Benjamin MacLean-Max is from Ottawa, Ontario and is a student at the University of Toronto. He has been writing stories for as long as he can remember, but "Dust to Dust" is his first professional publication. He's very excited to see it in Daily Science Fiction.

It sounded like rain, fire, frying onions. It filled my head, summoning memories of the heady scent of rain caught on pine needles, sinking into mossy loam; of embers sent, glittering, up into a starry night; the taste of onions caramelized in butter.

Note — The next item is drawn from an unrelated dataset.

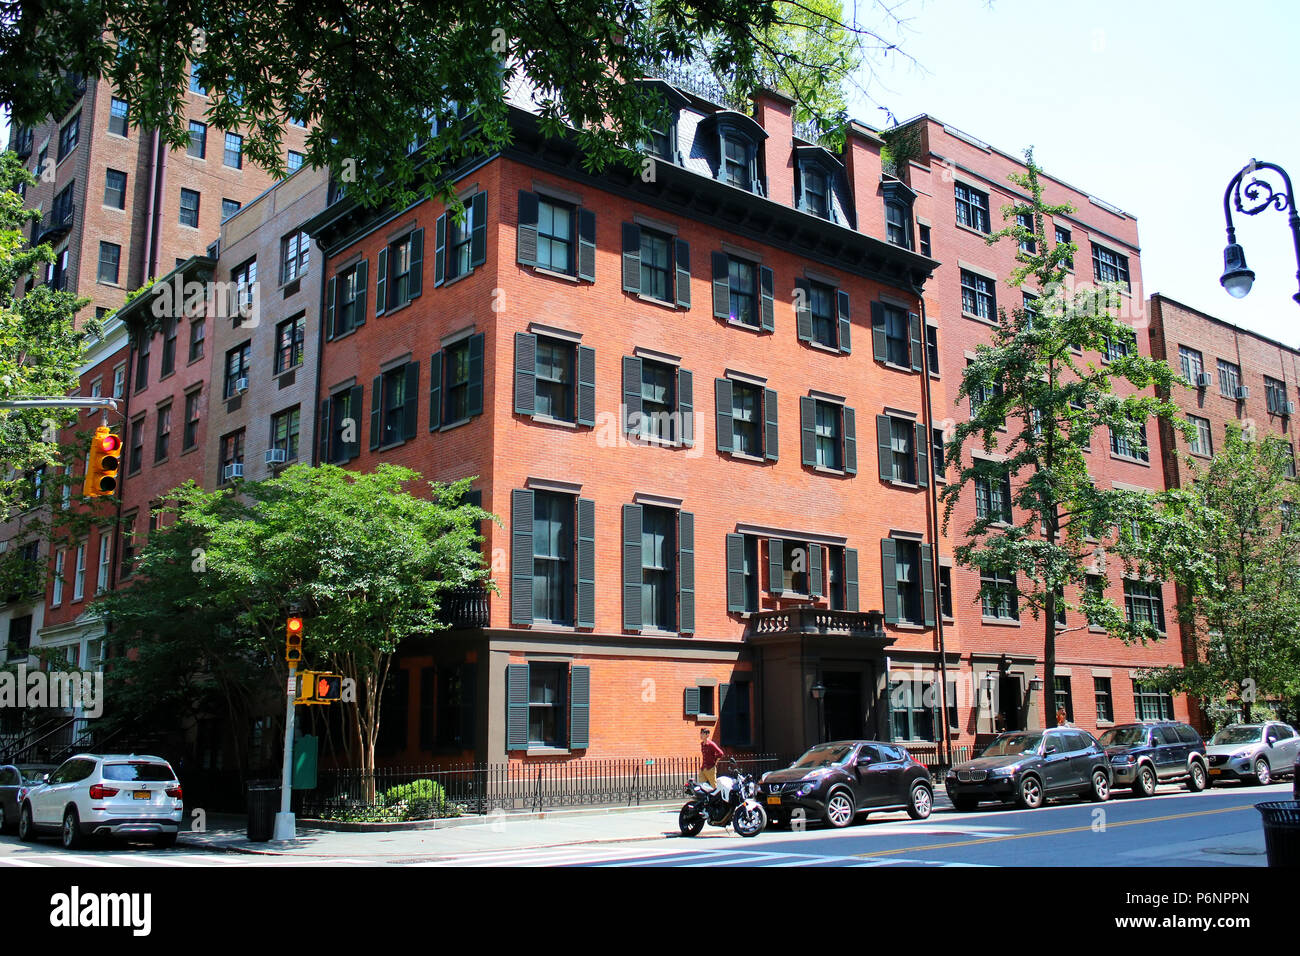 NEW YORK, NY - JUNE 22: Stuyvesant Fish House on the corner of Irving Place and Gramercy Park South, Gramercy Park Historic District, Manhattan on JUN Stock Photo

It was none of these things, of course. The sound was coolant vaporizing against the outer layer of the crystal viewport. Piped at high pressure through a spiderweb of tiny capillaries in the crystal itself, the faint blue liquid flitted across the window every few seconds. It cooled the crystal, which would otherwise crack under the heat of the swollen star beyond.
The star's moody, flickering surface filled my field of vision, its greedy flames seeming to reach dangerously close. In fact, it was still at least ten thousand kilometers away; even Ba'aran ships couldn't safely get any closer. I had been staring at the mesmerizing patterns in its red-orange plasma surface for hours. My job was done. I had little else to do while we waited for the end.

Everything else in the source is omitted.